It's All Politics
Sun January 13, 2013
Enmity And Ennui: Va. Governor's Race Inspiring Both
Originally published on Sun January 13, 2013 7:15 pm
Most Virginians say they approve of the job that first-term GOP Gov. Bob McDonnell is doing, suggesting he'd have a good shot at re-election when his term expires at the end of this year.
But it's one-and-out for governors in Virginia, the only state that doesn't allow its chief executive to serve consecutive terms.
That's left the state with a governor's race that has many voters shaking their heads and asking, "How did we end up with these two?"
"These two" are Democrat Terry McAuliffe, 55, a Clinton-era fundraiser extraordinaire and former Democratic National Committee chairman who got walloped in a party primary for governor in 2009; and Republican Ken Cuccinelli, 44, the state attorney general whose conservatism far outflanks most on the right of the political spectrum.
"We've got Bill Clinton's big-money man versus a social issues extremist," says the University of Virginia's Larry Sabato. The frank assessment may offend true believers, but resonates with a wide swath of Virginia voters.
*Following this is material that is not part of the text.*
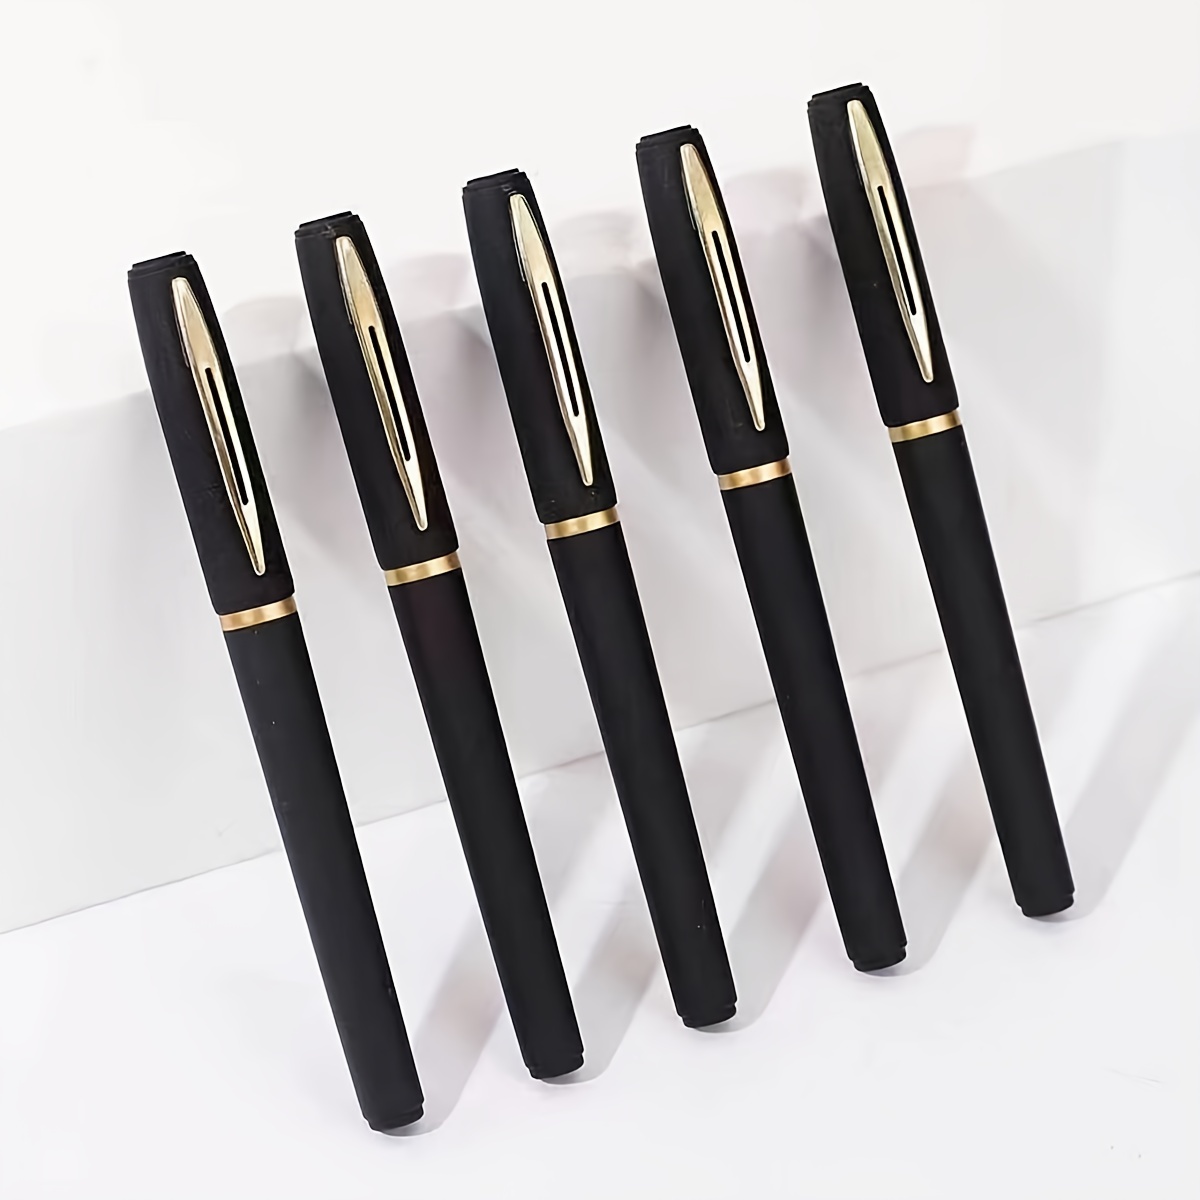 Black Gel Pen 0.5mm Full Matte Water Pens Writing Stationery Supply O Good

There may be a third candidate. McDonnell's pick as his successor, Republican Lt. Gov. Bob Bolling, 55, suspended his campaign after the party decided to choose its candidate at a convention instead of holding a primary. The move favored Cuccinelli.
But Bolling has kept everyone guessing about whether he'll run as an independent.
This all in a state that President Obama has won twice, where changing demographics have created a true swing state, but where voters in recent history have picked a governor of the opposite party of the president.
"There's a history that the party that loses the White House wins the governor's race," says Peter Brown of the Quinnipiac University Polling Institute. "And the electorate this year will be older and whiter than it was last year."
"That's why Cuccinelli has a shot," Brown says.
The results of two polls released this week reflected Virginia voters' current ennui, if not enmity.
Both early surveys found a close race — and something else: Voters don't much like Cuccinelli, and they don't know McAuliffe.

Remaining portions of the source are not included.